The 9th U.S. Circuit Court of Appeals rejected claims by the administration of Gov. Arnold Schwarzenegger that the receivership was not authorized by federal law, or, alternatively, was no longer needed.

Circuit Judge William Canby wrote, “The state to this day has not pointed to any evidence that it could remedy its constitutional violations in the absence of the receivership.”

Canby and two other judges unanimously ruled that the receivership did not contravene a federal law that restricts prison lawsuits and that there was “ample evidence” that it was needed.

Schwarzenegger spokeswoman Rachel Arrezola said, “We disagree with the ruling,” and said the administration will appeal to an expanded 11-judge panel of the appeals court.

Receiver Clark Kelso said the decision “reaffirms the legal basis and factual need for the receivership over California’s prison medical care system.”

The ruling stemmed from a civil rights lawsuit filed in federal court in San Francisco in 2001 by inmates who claimed substandard medical care violated the constitutional ban on cruel and unusual punishment.
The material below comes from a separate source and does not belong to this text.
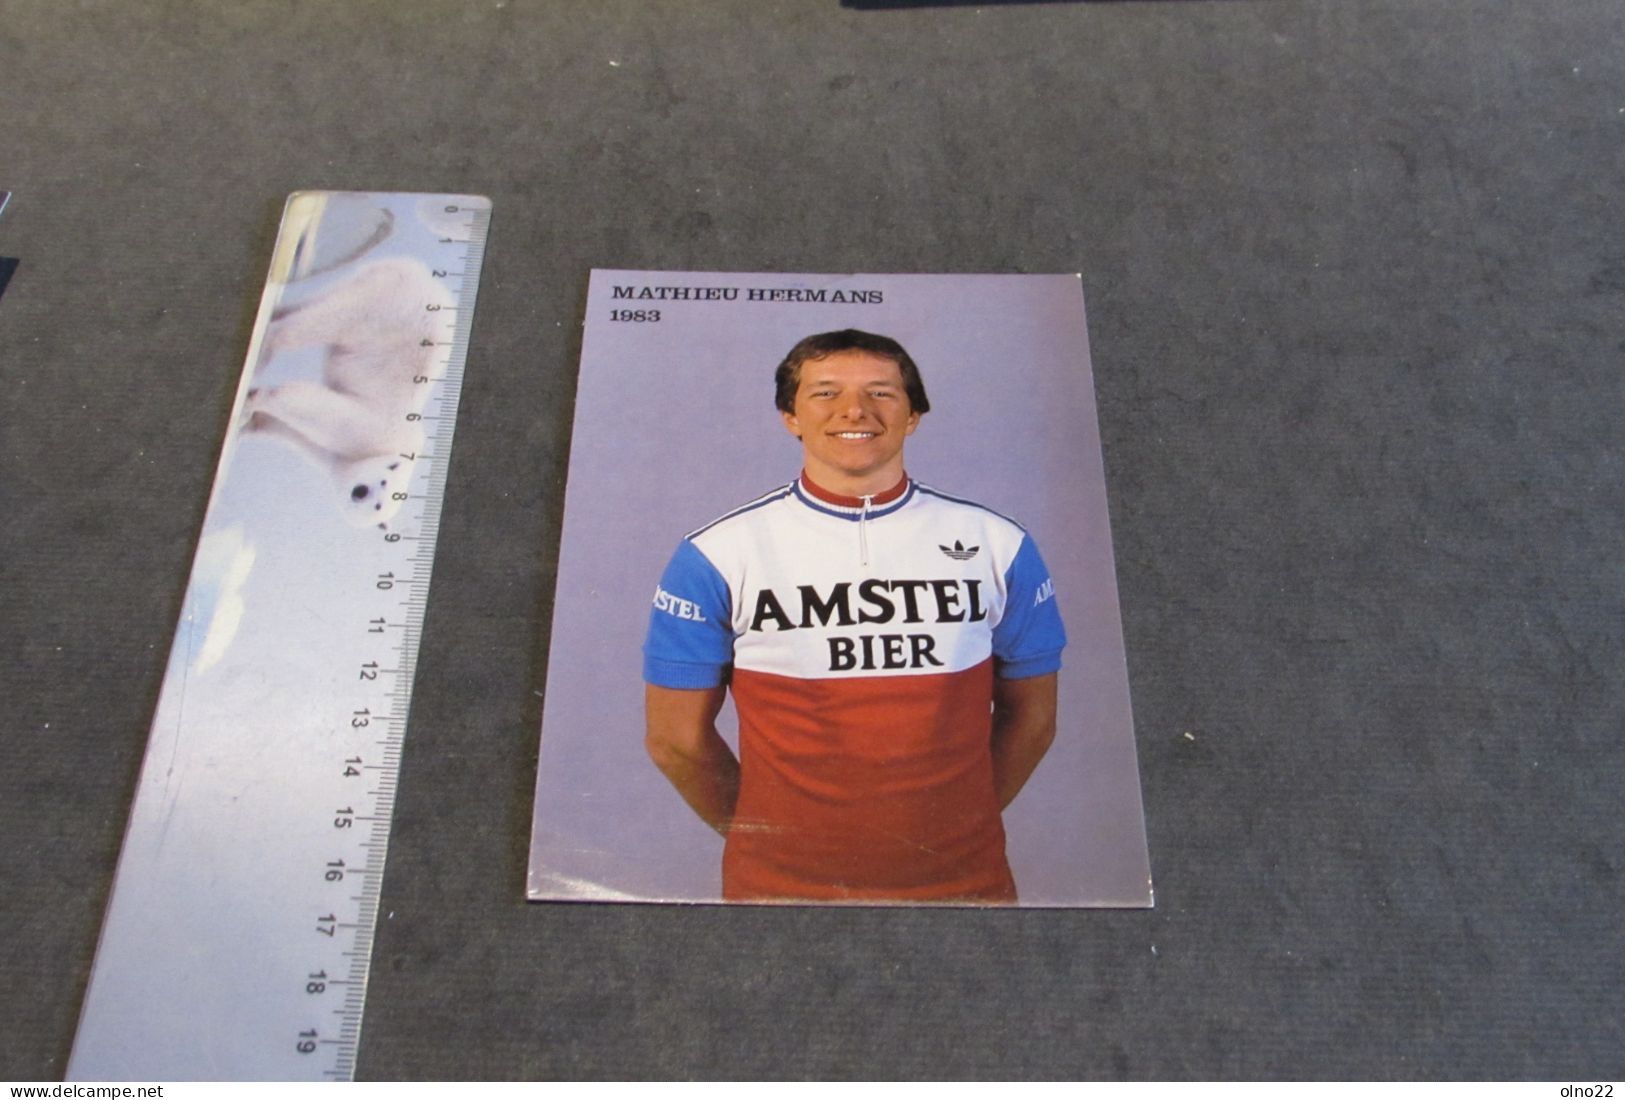 MATHIEU HERMANS 1983  - AMSTEL BIER - PHOTO COULEURS - VOIR SCANS - Sportifs

The state previously agreed to a settlement of the case in 2002, and then, when it failed to meet the terms of the agreement, did not oppose the creation of the receivership in 2005 and Henderson’s appointment of a receiver in 2006.

The Schwarzenegger administration began its challenge to the receivership in 2009.

The appeals panel said the state was in “a poor position” to object to the receivership since the measure was imposed “only after the state admitted its inability to comply with consent orders intended to remedy the constitutional violations in its prisons.”